MATERIALS PROVIDED >>
....................
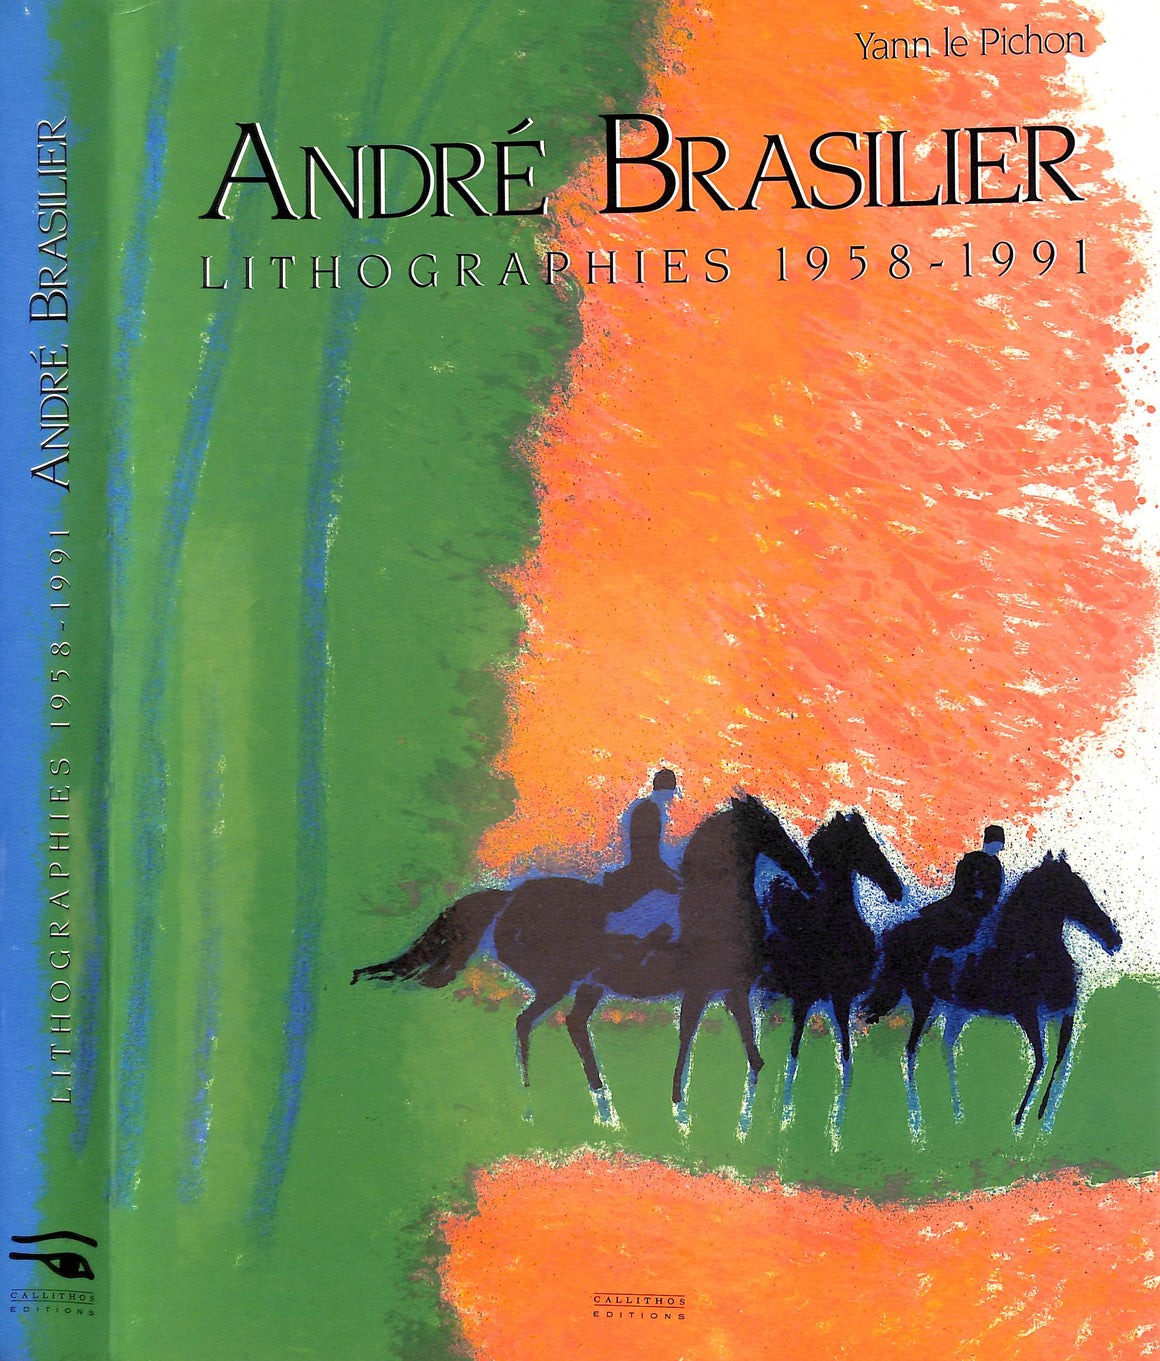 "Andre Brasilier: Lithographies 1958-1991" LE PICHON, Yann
....................
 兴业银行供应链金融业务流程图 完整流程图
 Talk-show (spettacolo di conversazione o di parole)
....................
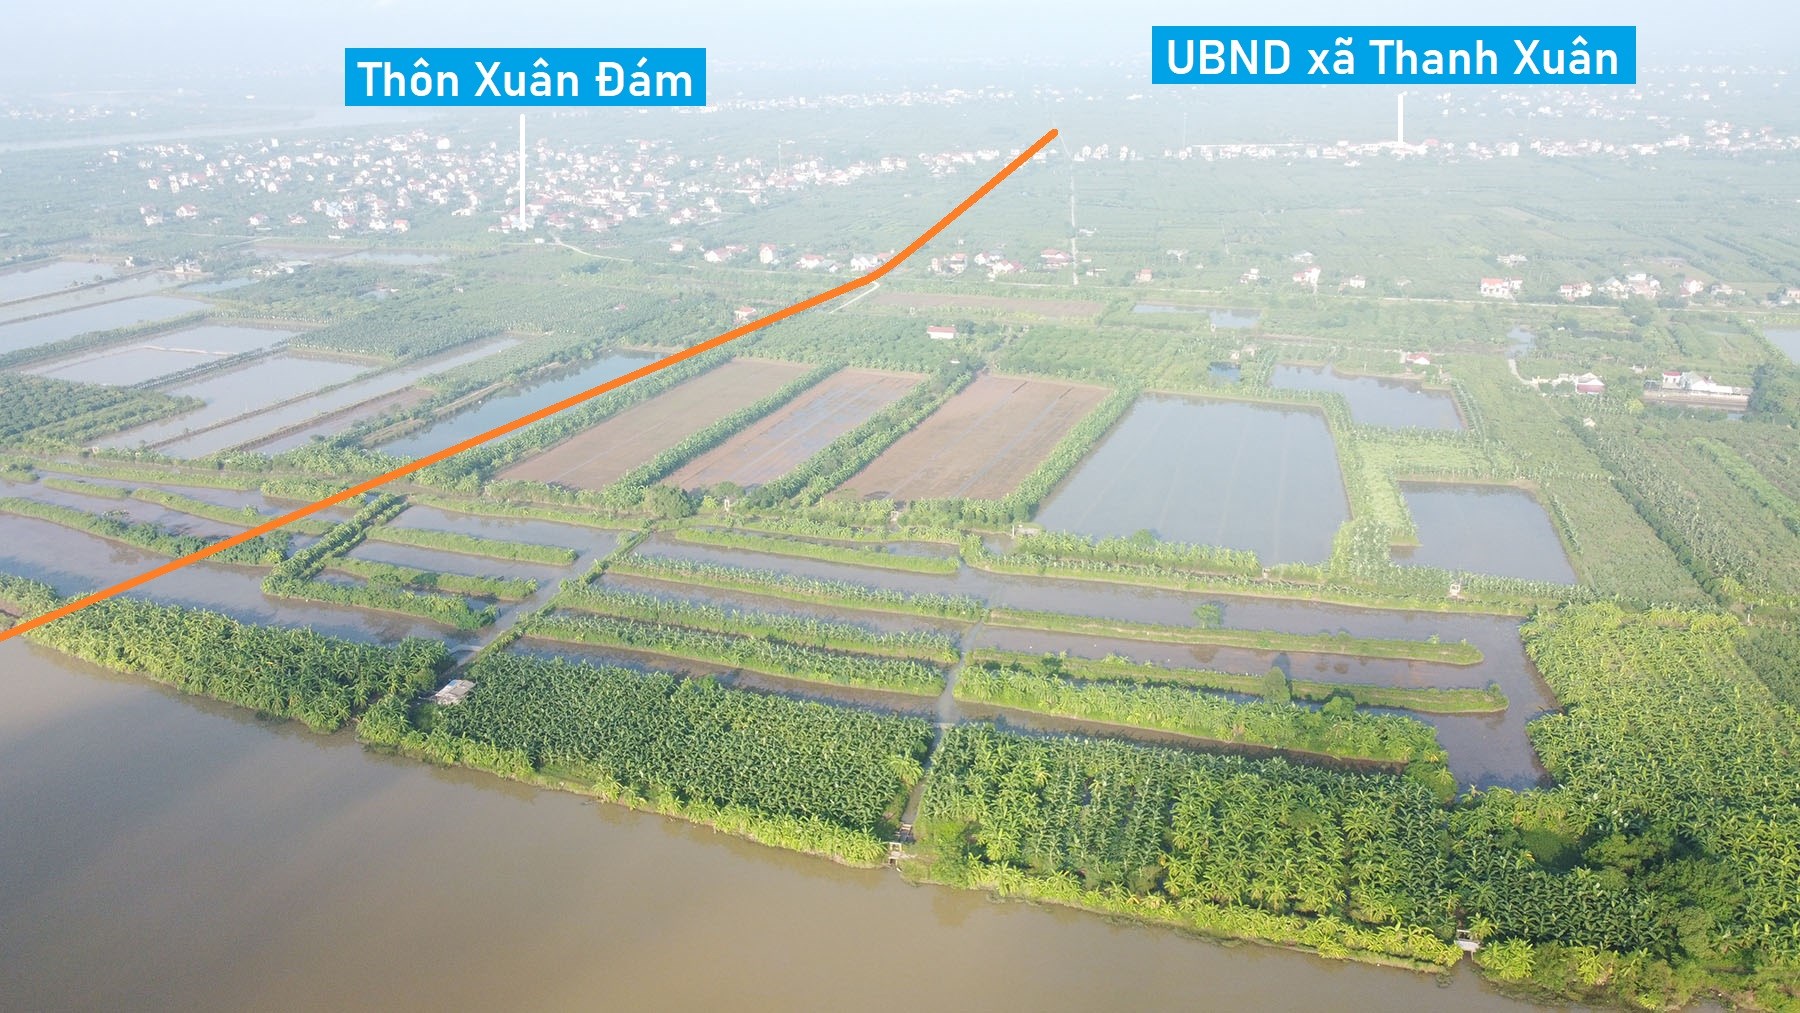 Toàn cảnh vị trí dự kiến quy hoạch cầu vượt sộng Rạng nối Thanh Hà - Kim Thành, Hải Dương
....................
PROBLEM REQUIREMENTS >>
The output should be exactly the lines above from the line containing "兴业银行供应链金融业务流程图 完整流程图" to the line containing "Talk-show (spettacolo di", inclusive, with no other lines.

WRITTEN RESPONSE >>
 兴业银行供应链金融业务流程图 完整流程图
 Talk-show (spettacolo di conversazione o di parole)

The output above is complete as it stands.